Dave:  Oh, very cool.

 

Gregory:         They are reaching a nice old age. A lot of people who are against cloning were trying to say that because her cell was from an older lamb, she was born old. Her telomeres were short.

 

Dave:  I was going to ask you about that. Her telomeres were not short?

 

Gregory:         Well, it’s controversial. There is one study that says that her telomeres were short, but her sister clones are all growing to a nice, ripe, old age. They seem fine, so it’s kind of like is the glass half full or half empty. You can see what you want.

 

Dave:  I hear what you’re saying there. We can quantify the length of telomeres in her systems, right?

 

Gregory:         We can.

 

Dave:  Have they done that?

 

Gregory:         They are all fine.

 

Dave:  They’re fine. Okay, so whether hers were short or not, it appears that cloning doesn’t cause short telomeres.

 

Gregory:         It appears it does not. Although, one of the things I’ve found out in my career in bioethics, and this goes back to AIDS and genetically modified food, a lot of people see what they want to see about the facts.

 

Dave:  I think that’s true for facts in just about every aspect of being human.

 

Gregory:         As a bioethicist, it was amazing to me that scientists are so much this way. They argue over facts.

 

Dave:  There are two kinds of scientists. There is the kind of scientists who says that that would be profoundly interesting if it was true. Tell me more. Those are the kinds of scientists I hang out with. Then, there are the others ones who say, “That could not happen. Therefore, it did not happen. Therefore, you are a lying asshole.” Those are usually the kind of people that I steer clear from because there might be an agenda with one of those two people. “That seems unlikely, but if it did happen, I don’t know something.” That is where all the good stuff happens.

 

Gregory:         I am a kind of radical because I’ve been around for 40 years, and I was back here in 1978 when James Watson, who was a Nobel Prize winner, and Max Perutz both were against assisted reproduction or test-tube babies. I remember they said that horrible things would happen. Now we have a million American kids created as test tube babies. They are very wanted. You’ve got to be really careful. People have a way of … There used to be a textbook of Mammalian Physiology that my medical students used to use. In 1997, it said that it is a law of nature that once a cell become differentiated, it cannot be returned to it’s undifferentiated state. Ian Rolland and Steve Wilson proved that false.

 

Dave:  It sounds like they didn’t know about lasers because you can do a lot to change cells with laser. My goodness.

 

Gregory:         Well, it just goes to show you that sometimes the so-called law of nature is not a law.

 

Dave:  It reminds me of one of the quotes about the Manhattan Project. A long time ago, when they were questioning whether they should or whether they even could build a bomb, they interviewed one of the generals in the military who said, “I speak as a world expert on ordinance. This bomb cannot work. It will never work. It is entirely impossible.” The problem is that we are relying on what we knew to be true based on historical things, which are based on assumptions that may not be complete even though they are useful assumptions.
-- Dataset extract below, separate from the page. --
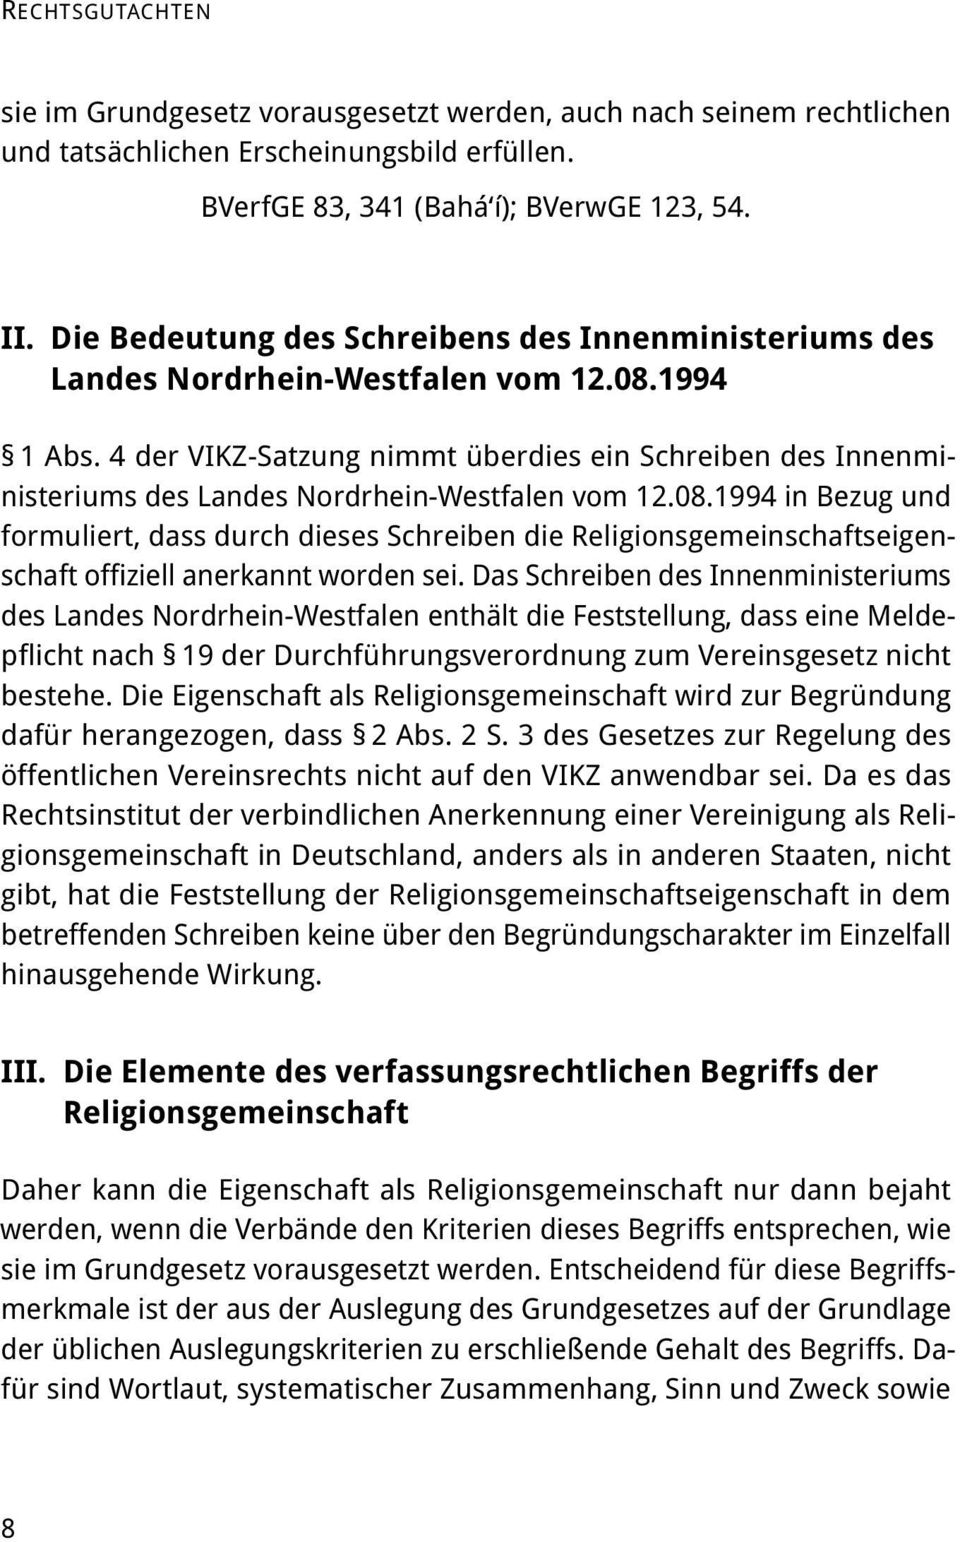 4 der VIKZ-Satzung nimmt überdies ein Schreiben des Innenministeriums des Landes Nordrhein-Westfalen vom 12.08.

Would you support that? You have studied the thinking around ethics and morals for such a long time. You would know more about that than I would, but is that the problem?

 

Gregory:         I do know a lot of predictions. People predicted that the human genome could never be sequenced.

 

Dave:  I just had mine sequenced a month ago. The whole one, not 23 and me.

 

Gregory:         It is astonishing how fast things have happened. People just can’t imagine that things could happen like this. One of the reasons when I was testifying before Congress I said, “I think cloning is just a tool, and you should never take a tool off the table. You never know when you might need it.”

 

Dave:  That immediately says, “Well, what about heroin and LSD and things like that?” Those are illegal. We don’t do research on those. They are mostly banned. Would you support that same statement for those?

 

Gregory:         I think you should … Well, yes. It’s a tool. A hammer is tool. You can kill someone or you can build a house for Habitat for Humanity.

 

Dave:  I tend to agree with you. Some tools are more dangerous than others and my require more learning before you use them, but okay. I agree. Outright banning something seems like a bad idea.

 

Gregory:         Making it a Federal crime: That’s pretty heavy.

 

Dave:  It is pretty heavy, but what about research on making anthrax airborne and communicated by mosquitoes. Really bad bioweapons kind of research. It seems like there has got to be some limits on this stuff, right? Couldn’t cloning be one of those things you don’t know, but three generations from now everyone falls over?

 

Gregory:         The really interesting question is kind of a little bit to the side is CRISPR from …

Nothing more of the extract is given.